Artifacts in IBI were screened for and handled manually in the Actiheart program.
HR was measured as the average heart rate in beats per minutes for the analysis epoch (1 min). HRV was measured as high frequency (HF) power (0.15–0.4 Hz) derived using fast Fourier transform (FFT). These calculations were performed in the Actiheart program. Moreover, analyzed raw data were exported to Excel for further processing. For each participant we had a detailed time log indicating the exact start and end time for each test condition (i.e., baseline, each cognitive test and recovery). Based on this time log an average HR and HF-HRV for each condition was calculated.
2.4.2. Self-Report Questionnaires
The Childhood Trauma Questionnaire-Short Form (CTQ-SF) [
41,
42] was used to assess early childhood stressors associated with different types of trauma. The CTQ-SF is a self-report questionnaire consisting of 28 items measuring five types of maltreatment: Physical Abuse, Emotional Abuse, Sexual Abuse, Physical Neglect and Emotional Neglect. In the present study Cronbach’s alpha for the five subscales were 0.89, 0.88, 0.91, 0.69, and 0.91.
The Impact of Event Scale-Revised (IES-R) [
43] was included as a measure of post-traumatic stress symptoms. The IES-R has 22 items, divided into three symptom subscales; Intrusion, Avoidance and Hyperarousal. Our data showed that the Cronbach’s alpha for the three subscales were 0.89, 0.79, and 0.85, respectively.
2.4.3. Blood Sampling
Fasting blood was collected from participants in the morning between 06:30 and 09:30 by biomedical health services staff at the treatment facility pre and post intervention. Venous blood for serum preparation was collected in BD Vacutainer® vials and set to coagulate for minimum 30 min before centrifuging (10:00–13:00 G, 20 °C, 10 min) within 60 min. The samples were transported the same day to a routine clinical laboratory near the study site (ACL laboratories, Milwaukee, WI, USA) for analysis of vitamin D (i.e., 25(OH)D) and serotonin. For the determination of vitamin D a competitive immunoassay was used and a vitamin D analog labeled with fluorescein for detection. The unit of measurement for 25(OH)D was nanomole per liter (nmol/L). For the determination of serotonin, a quantitative high-performance liquid chromatography (HPLC) method was used.

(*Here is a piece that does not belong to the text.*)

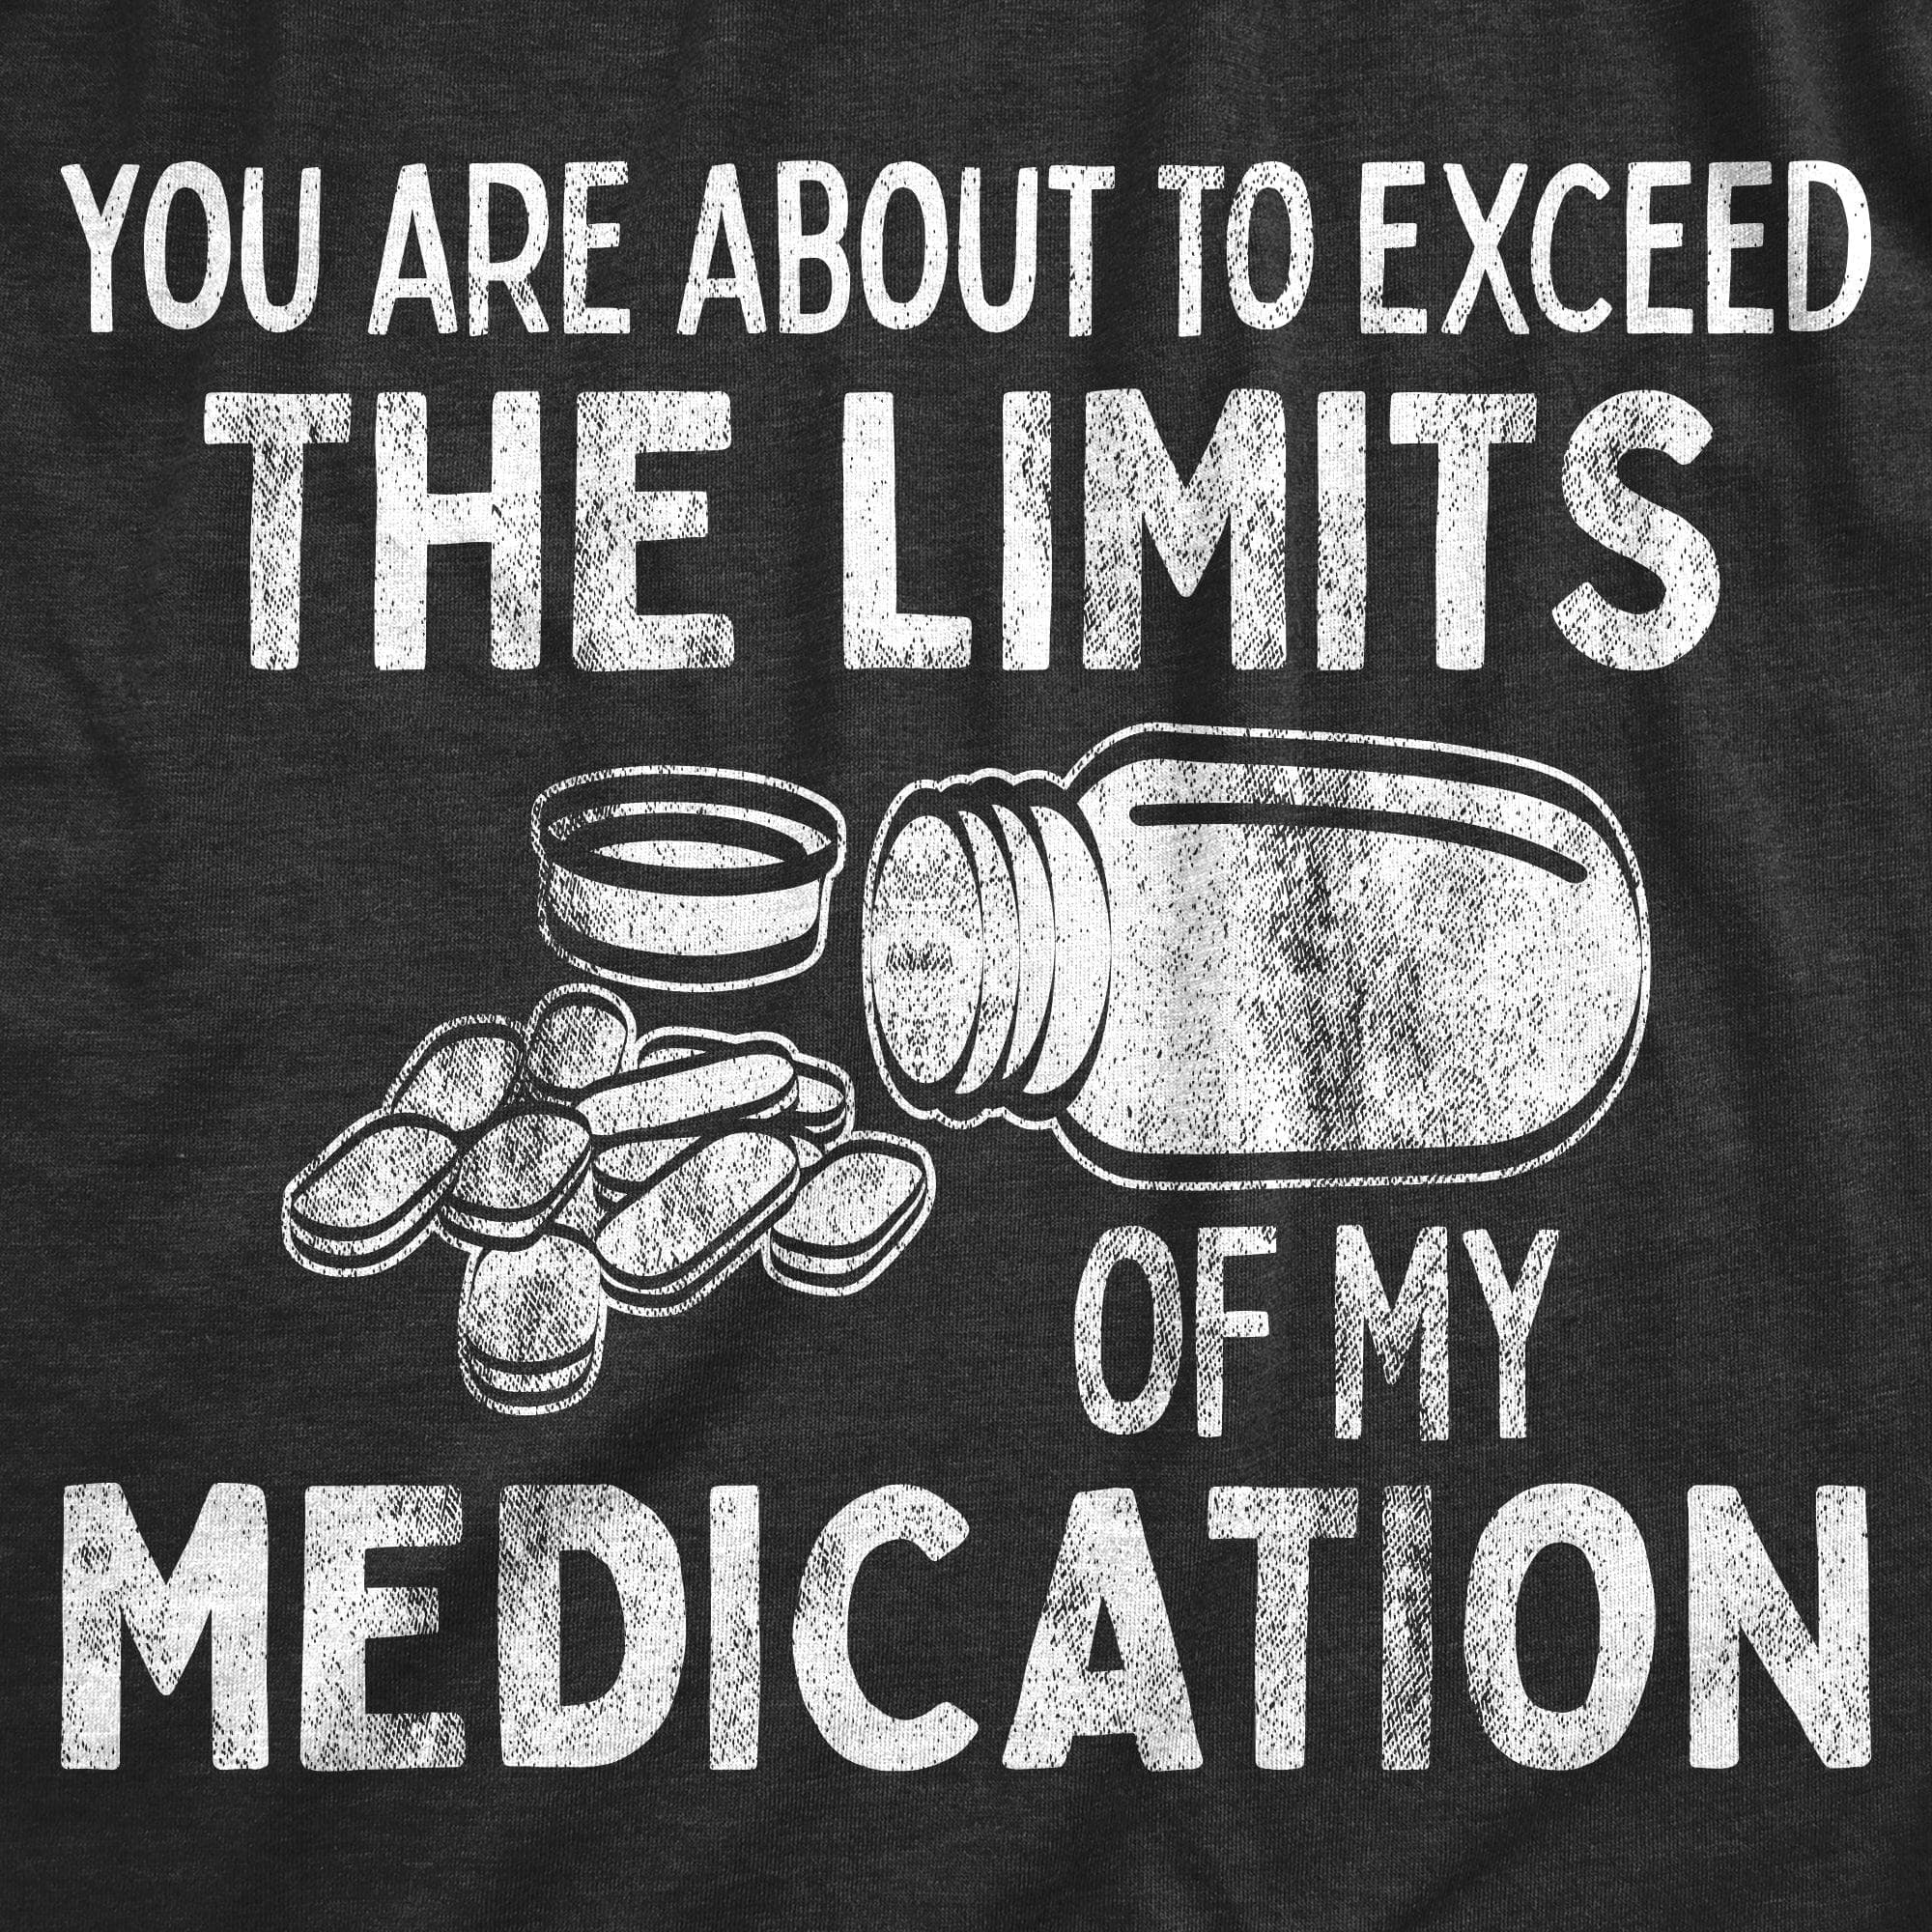 You Are About To Exceed The Limits Of My Medication Women's Tshirt  -  Crazy Dog T-Shirts

The unit measurement for serotonin was nanograms per milliliter (ng/mL).
2.4.4. Saliva Sampling
The Salivette collection device was used to collect saliva samples. The Salivary cortisol was run using the Salimetrics® Cortisol Enzyme Immunoassay Kit. It is a competitive immunoassay specifically designed and validated for the quantitative measurement of salivary cortisol.
2.5. Data Collection and Experimental Stress Procedure
The present study is part of a larger project investigating the effects of vitamin D on mental health and resilience to stress. Participants were exposed to an extensive battery of tests before and after the intervention. Pre-intervention testing started 16 November 2017 and ended 29 December 2017. Post-intervention testing started after about 4 months with supplements, i.e., 2 April 2018 and ended 22 May 2018. Thus, the post-intervention testing took place while the participants were still taking supplements. Testing procedures included experimental cognitive performance tasks, physiological measures, questionnaires (concerning mental health, trauma and resilience), sleep registration, and laboratory measures (saliva, blood and urine samples). With the exception of the laboratory measures (see description in Measures), all measures of the test battery were collected in a single pre-intervention and a single post-intervention testing session.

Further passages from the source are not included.